Mise en ligne : mardi 10 février 2009

Dans la nuit du 3 au 4 février, un incendie a ravagé le camp rrom situé sous le pont d’autoroute de Gazela, dans le centre de Belgrade. Pauvreté, violence, exclusion, les habitants de Gazela témoignent de leurs conditions de vie, alors que l’on évoque depuis longtemps une déplacement du camp pour reconstruire le pont. Au lendemain de l’incendie, la mairie de Belgrade a annoncé la fermeture du camp d’ici le 31 août au plus tard. Les habitants seraient relogés loin du centre. Un reportage du Courrier de la Serbie.

Par Marko Tasić

Le Camp de Gazela sous l’autoroute
© www.beogradgrazela.net

Dans la nuit du 3 au 4 février 2009, un incendie a ravagé un des bidonvilles rroms situés sous le pont autoroutier Gazela, près de la gare centrale de Belgrade. Deux jours plus trad, la tension est encore palpable. Au-delà du sinistre, les gens ont du mal à retenir leur colère face à leurs conditions de vie. De chaque côté du pont, les langues se délient et les témoignages sont d’une franchise étonnante.
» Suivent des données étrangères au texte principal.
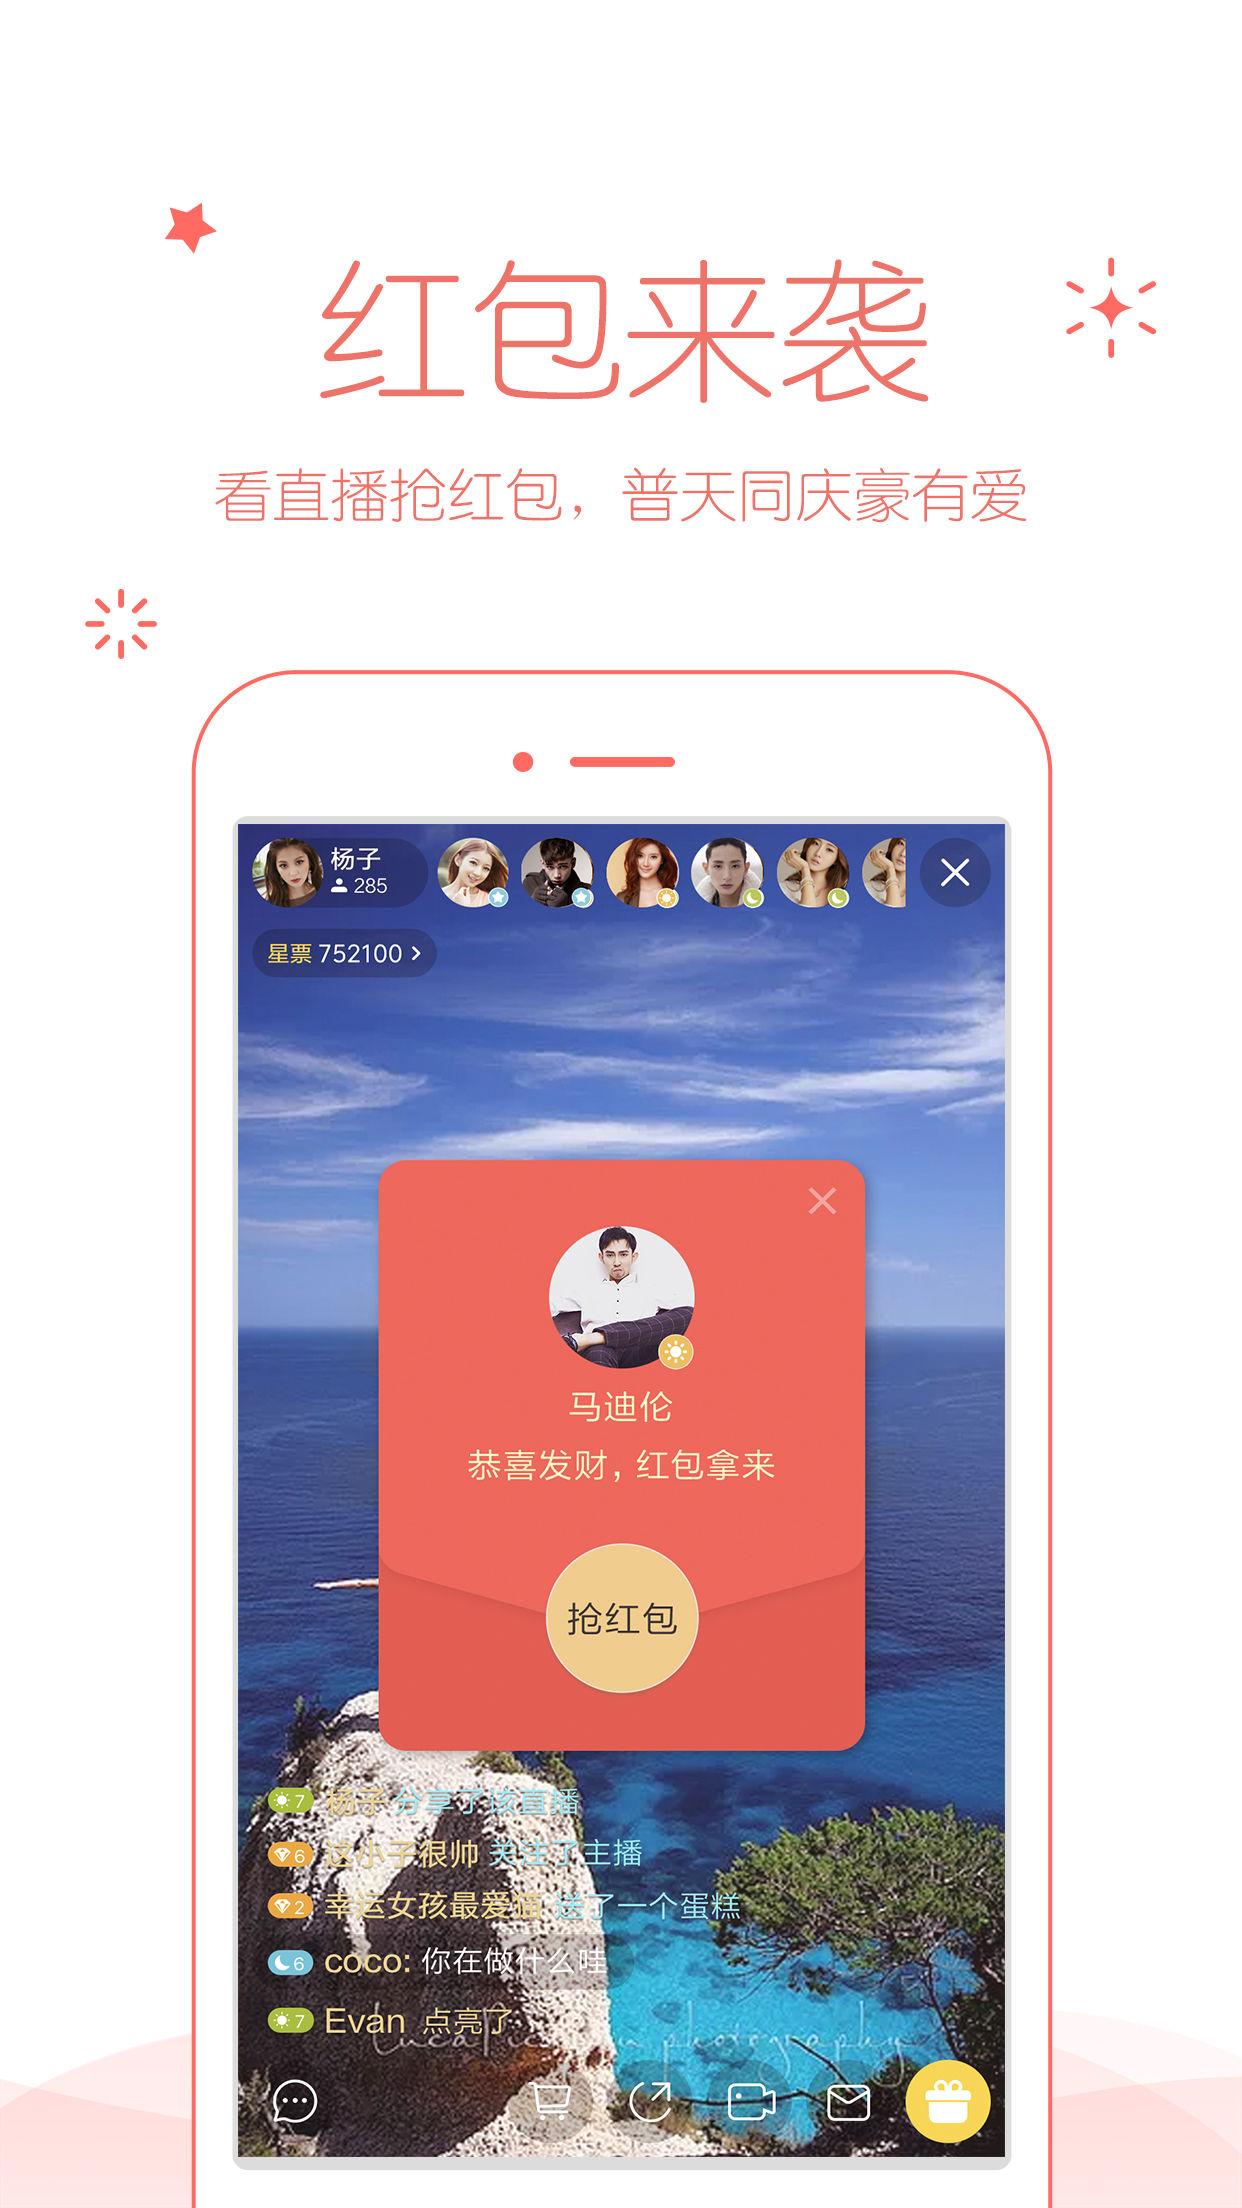 小米有乐 V4.30.19 安卓版截图4

Premier arrêt dans le camp de la rue Braća Krsmanović. Pas de doute, les Rroms veulent parler, parler de leur vie, de ce qu’ils ont sur le coeur. Un homme, la cinquantaine, voix rauque et barbe fournie, insiste pour raconter son histoire. « Je suis Dini Kamberović, je viens de Vranje. Là-bas, la vie est encore plus triste qu’ici. Je travaillais pour l’entreprise CZP en tant que soudeur avant de me faire licencier. À Vranje, je possède une petite maison en briques. Nous sommes six dans la famille mais je suis le seul à travailler. Mon fils aîné a du mal à trouver un emploi car il n’a pas été à l’école. En Serbie, nous les Rroms, nous sommes perçus comme des gens à part. On nous considère comme des voleurs.

Cela fait maintenant huit ans que je vis à Belgrade. J’ai été obligé de venir ici car il n’y avait aucune perspective d’avenir pour moi à Vranje. La seule chose que je pouvais faire c’était de tuer, de voler, de faire le mal, mais je ne suis pas comme ça, je veux vivre honnêtement. Seulement si la situation empire, si j’en arrive à ne plus pouvoir nourrir correctement mes enfants, à ne plus pouvoir les soigner, je devrais sans doute faire des choses illégales. Et ça, ce n’est pas acceptable !

Nous avons un représentant, mais il ne défend pas nos intérêts. Je ne l’ai jamais vu ici. Il fait semblant de s’occuper de nos problèmes, seulement l’argent qu’il reçoit des organisations humanitaires étrangères, on ne le voit jamais. Nos conditions de vie ne s’améliorent pas. On nous avait promis des cuisinières mais nous ne les avons pas reçues. De l’autre côté du pont, il paraît qu’ils ont eu des vivres et des équipements. Là-bas, ils sont plus nombreux et plus riches qu’ici. »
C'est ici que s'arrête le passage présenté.